## [ACTIVITY]
When you reach the line that has "PIKO Modelleisenbahn - Eine" in the material below, reproduce it and each line after it exactly, through the last one.

## [EXERCISE MATERIAL]
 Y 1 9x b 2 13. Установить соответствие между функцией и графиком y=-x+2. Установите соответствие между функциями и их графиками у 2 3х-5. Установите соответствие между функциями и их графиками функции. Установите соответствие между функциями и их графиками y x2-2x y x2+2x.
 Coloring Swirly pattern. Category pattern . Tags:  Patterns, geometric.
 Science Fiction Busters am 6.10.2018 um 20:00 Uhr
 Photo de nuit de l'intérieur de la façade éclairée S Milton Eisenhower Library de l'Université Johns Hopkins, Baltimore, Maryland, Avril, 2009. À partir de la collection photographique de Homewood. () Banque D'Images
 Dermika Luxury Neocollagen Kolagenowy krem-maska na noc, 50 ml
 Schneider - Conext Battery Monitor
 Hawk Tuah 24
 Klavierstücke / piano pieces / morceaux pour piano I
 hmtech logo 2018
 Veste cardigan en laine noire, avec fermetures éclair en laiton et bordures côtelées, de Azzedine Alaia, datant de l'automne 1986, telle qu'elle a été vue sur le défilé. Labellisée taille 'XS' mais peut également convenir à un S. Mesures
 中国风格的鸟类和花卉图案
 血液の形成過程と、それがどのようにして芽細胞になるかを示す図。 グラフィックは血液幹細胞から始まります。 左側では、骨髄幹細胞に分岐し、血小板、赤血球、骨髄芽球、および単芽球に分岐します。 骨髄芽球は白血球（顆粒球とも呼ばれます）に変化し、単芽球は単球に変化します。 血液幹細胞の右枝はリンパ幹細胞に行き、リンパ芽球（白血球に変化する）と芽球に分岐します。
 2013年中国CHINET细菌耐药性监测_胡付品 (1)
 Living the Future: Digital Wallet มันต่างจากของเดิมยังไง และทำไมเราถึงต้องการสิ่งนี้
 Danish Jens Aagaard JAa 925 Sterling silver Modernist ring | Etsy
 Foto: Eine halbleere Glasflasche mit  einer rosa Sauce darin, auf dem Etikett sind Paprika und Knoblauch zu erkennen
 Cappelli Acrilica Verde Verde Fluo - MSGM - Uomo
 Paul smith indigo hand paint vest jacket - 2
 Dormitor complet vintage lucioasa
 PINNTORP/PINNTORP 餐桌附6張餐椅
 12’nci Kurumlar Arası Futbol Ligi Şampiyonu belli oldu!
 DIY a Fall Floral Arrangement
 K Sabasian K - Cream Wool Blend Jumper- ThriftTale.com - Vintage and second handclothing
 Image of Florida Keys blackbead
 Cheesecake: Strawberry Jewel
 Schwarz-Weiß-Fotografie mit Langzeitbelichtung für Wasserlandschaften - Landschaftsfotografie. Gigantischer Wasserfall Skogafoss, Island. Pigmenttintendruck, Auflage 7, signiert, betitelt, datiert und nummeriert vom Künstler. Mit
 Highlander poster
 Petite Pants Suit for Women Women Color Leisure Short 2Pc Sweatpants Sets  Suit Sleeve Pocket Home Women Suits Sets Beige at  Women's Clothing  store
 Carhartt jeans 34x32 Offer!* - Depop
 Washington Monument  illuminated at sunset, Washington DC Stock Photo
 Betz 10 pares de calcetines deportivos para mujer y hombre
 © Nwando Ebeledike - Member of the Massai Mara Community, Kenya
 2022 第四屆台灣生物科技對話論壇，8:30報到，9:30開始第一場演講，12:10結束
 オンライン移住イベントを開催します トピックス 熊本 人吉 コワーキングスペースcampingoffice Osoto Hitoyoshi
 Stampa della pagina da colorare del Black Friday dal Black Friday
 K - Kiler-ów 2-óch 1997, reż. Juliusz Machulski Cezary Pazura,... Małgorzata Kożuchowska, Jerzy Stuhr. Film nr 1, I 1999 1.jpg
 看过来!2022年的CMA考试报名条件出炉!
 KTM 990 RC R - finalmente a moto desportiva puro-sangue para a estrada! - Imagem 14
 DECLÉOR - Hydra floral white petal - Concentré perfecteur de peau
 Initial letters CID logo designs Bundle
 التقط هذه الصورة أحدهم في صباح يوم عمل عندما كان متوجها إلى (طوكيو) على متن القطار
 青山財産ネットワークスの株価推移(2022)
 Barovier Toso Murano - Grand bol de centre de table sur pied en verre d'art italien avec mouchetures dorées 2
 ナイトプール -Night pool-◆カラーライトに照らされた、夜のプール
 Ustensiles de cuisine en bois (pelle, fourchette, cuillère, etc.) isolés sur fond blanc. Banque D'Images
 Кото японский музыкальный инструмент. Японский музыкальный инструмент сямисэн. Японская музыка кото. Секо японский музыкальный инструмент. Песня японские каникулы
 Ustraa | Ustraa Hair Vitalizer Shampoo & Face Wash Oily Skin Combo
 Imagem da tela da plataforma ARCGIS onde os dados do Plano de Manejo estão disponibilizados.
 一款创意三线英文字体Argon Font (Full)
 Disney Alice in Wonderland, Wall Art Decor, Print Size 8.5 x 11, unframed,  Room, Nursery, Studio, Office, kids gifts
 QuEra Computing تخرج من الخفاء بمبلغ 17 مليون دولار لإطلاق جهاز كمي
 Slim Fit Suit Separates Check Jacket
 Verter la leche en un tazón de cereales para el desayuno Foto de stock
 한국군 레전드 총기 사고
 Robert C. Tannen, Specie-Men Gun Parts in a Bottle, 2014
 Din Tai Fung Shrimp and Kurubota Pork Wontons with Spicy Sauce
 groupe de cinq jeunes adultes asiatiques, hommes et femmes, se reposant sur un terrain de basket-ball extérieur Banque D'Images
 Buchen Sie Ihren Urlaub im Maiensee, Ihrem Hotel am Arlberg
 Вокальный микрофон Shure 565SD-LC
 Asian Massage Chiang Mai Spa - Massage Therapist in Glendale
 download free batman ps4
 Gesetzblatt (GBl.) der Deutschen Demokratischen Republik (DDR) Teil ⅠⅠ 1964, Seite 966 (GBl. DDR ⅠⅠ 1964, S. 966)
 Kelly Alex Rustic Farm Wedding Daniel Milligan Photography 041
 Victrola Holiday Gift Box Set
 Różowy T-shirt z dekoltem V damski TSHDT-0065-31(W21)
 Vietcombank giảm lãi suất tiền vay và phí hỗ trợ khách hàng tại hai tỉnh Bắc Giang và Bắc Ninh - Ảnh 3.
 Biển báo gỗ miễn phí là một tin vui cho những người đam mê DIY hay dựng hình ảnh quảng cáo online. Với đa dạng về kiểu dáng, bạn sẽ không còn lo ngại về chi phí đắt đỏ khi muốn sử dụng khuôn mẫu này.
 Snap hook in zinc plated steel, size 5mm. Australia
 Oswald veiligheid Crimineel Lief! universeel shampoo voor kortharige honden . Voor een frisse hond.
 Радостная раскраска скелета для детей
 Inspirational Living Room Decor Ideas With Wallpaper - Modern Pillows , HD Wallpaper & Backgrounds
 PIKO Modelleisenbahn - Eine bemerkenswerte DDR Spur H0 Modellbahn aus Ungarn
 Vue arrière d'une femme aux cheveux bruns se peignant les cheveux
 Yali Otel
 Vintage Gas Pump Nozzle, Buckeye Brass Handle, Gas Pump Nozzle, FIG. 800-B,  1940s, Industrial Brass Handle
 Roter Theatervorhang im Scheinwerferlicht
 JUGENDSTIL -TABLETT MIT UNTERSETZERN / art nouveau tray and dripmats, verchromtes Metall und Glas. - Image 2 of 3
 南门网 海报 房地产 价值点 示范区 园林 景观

## [RESPONSE]
 PIKO Modelleisenbahn - Eine bemerkenswerte DDR Spur H0 Modellbahn aus Ungarn
 Vue arrière d'une femme aux cheveux bruns se peignant les cheveux
 Yali Otel
 Vintage Gas Pump Nozzle, Buckeye Brass Handle, Gas Pump Nozzle, FIG. 800-B,  1940s, Industrial Brass Handle
 Roter Theatervorhang im Scheinwerferlicht
 JUGENDSTIL -TABLETT MIT UNTERSETZERN / art nouveau tray and dripmats, verchromtes Metall und Glas. - Image 2 of 3
 南门网 海报 房地产 价值点 示范区 园林 景观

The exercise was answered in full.